Funalot et al [2012] have reported a child with severe CHN.
CMT4F is the designation for a severe demyelinating neuropathy with slow NCVs reported in three families [Delague et al 2000, Boerkoel et al 2001b, Guilbot et al 2001, Kijima et al 2004, Parman et al 2004].
Takashima et al [2002] described sibs in whom the phenotype was initially a marked sensory neuropathy with prominent demyelinating features.
A child had delayed motor milestones and marked weakness. Additional families are described by Kabzińska et al [2006a] and Otagiri et al [2006].
A more benign phenotype with later age of onset (7-12 years) but with marked spine deformities was reported by Nouioua et al [2011]. Tokunaga et al [2012] have also reported later onset and more benign course (including vocal cord paresis in one individual).

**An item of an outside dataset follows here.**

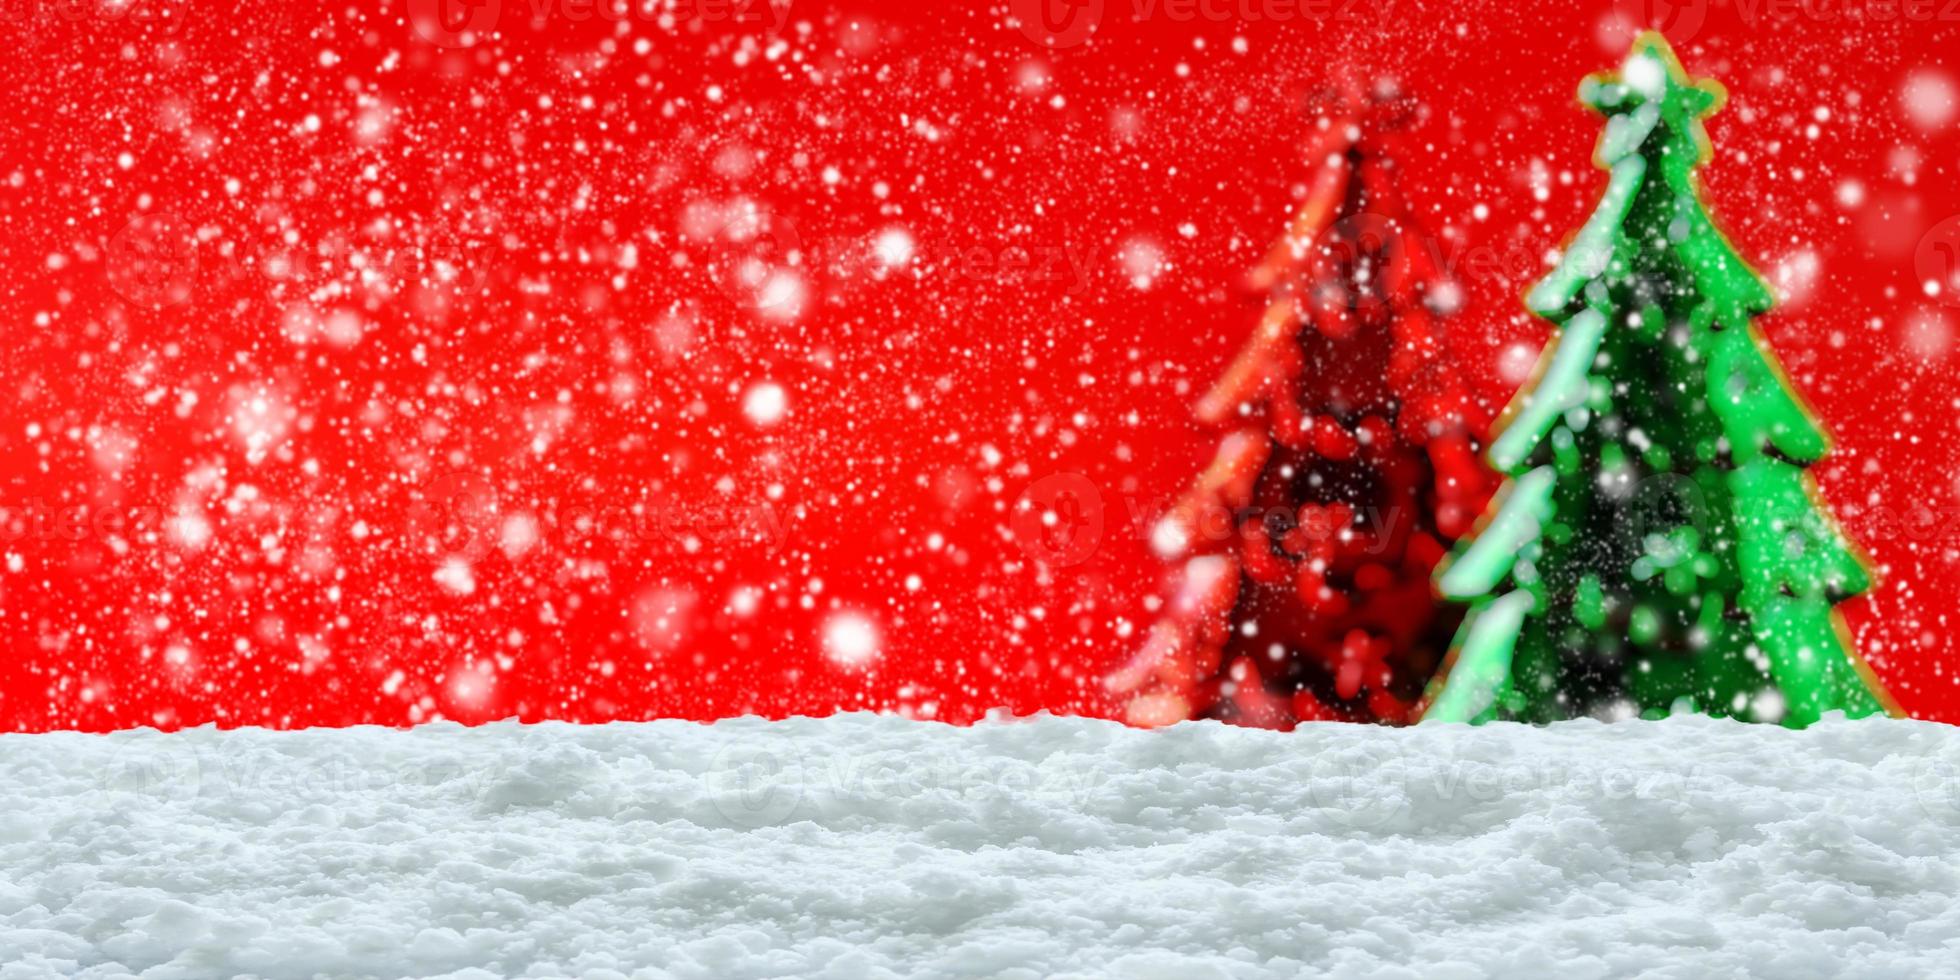 tömma vit snö med fläck jul träd bakgrund foto
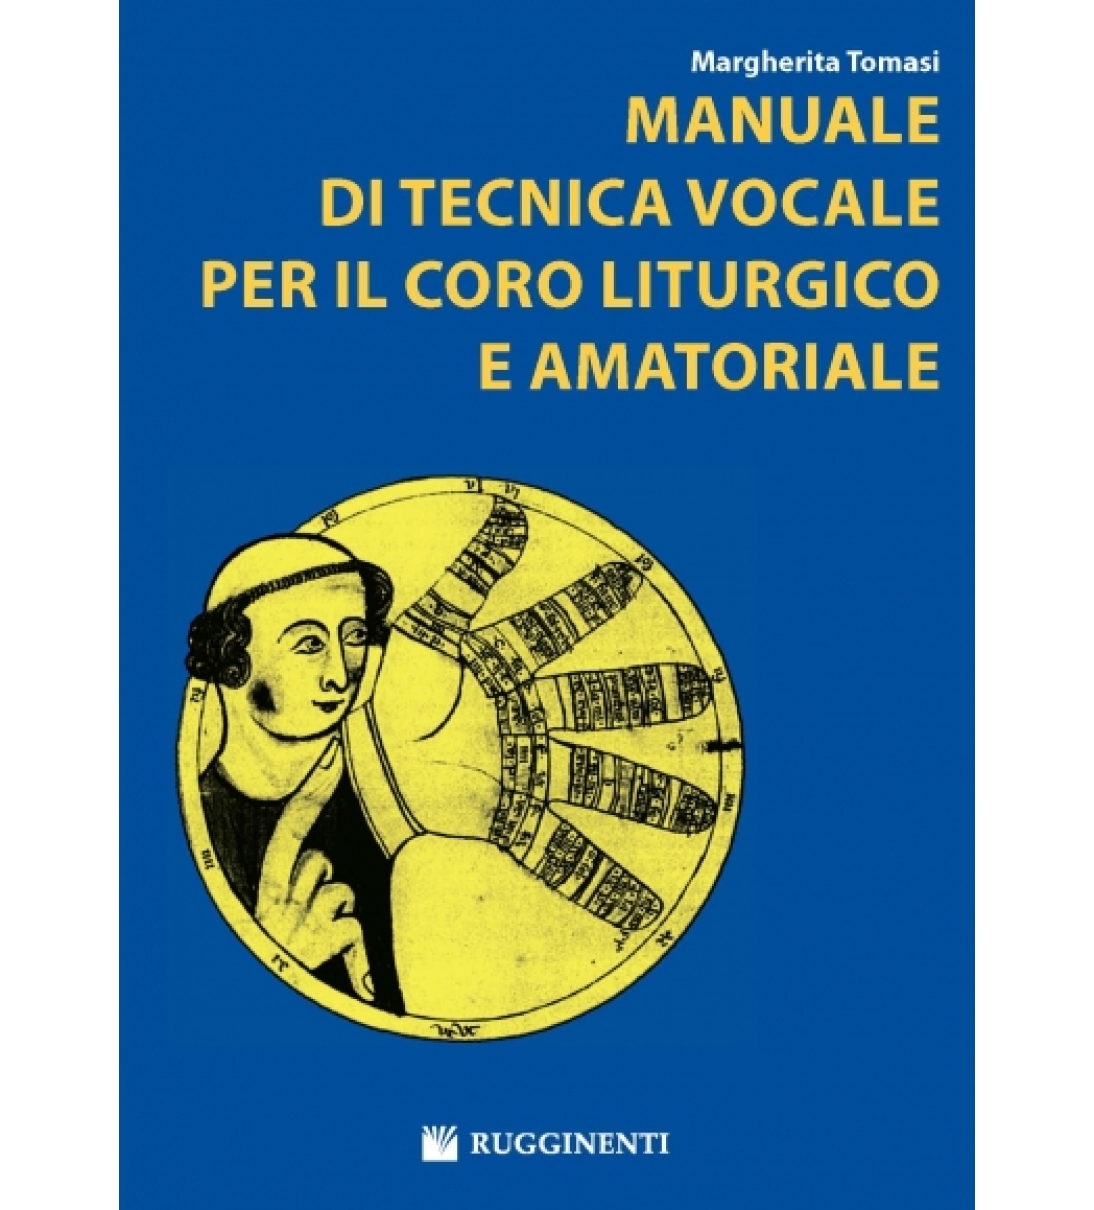 Manuale di Tecnica Vocale per il Coro Liturgico e Amatoriale

Prominent sensory loss occurred in one family [Auer-Grumbach et al 2008]. Sensory loss was also emphasized by Marchesi et al [2010].
Sural nerve pathology showed demyelination, onion bulbs, and focal myelin thickening.
CMT4G is a severe disabling form of peripheral neuropathy with prominent sensory loss and moderately reduced motor NCVs in Balkan (Russe) Gypsies linked to 10q22 [Guergueltcheva et al 2006, Hantke et al 2009]. CMT4G is less severe than CMT4D.
CMT4H was reported by De Sandre-Giovannoli et al [2005] as a severe demyelinating neuropathy linked to 12p11.2- p13.1. Associated findings are severe scoliosis, loss of myelinated nerve fibers, and outfoldings of the myelin sheath [Stendel et al 2007]. The early onset and prominent kyphoscoliosis have been confirmed in a Tunisian family reported by Boubaker et al [2013].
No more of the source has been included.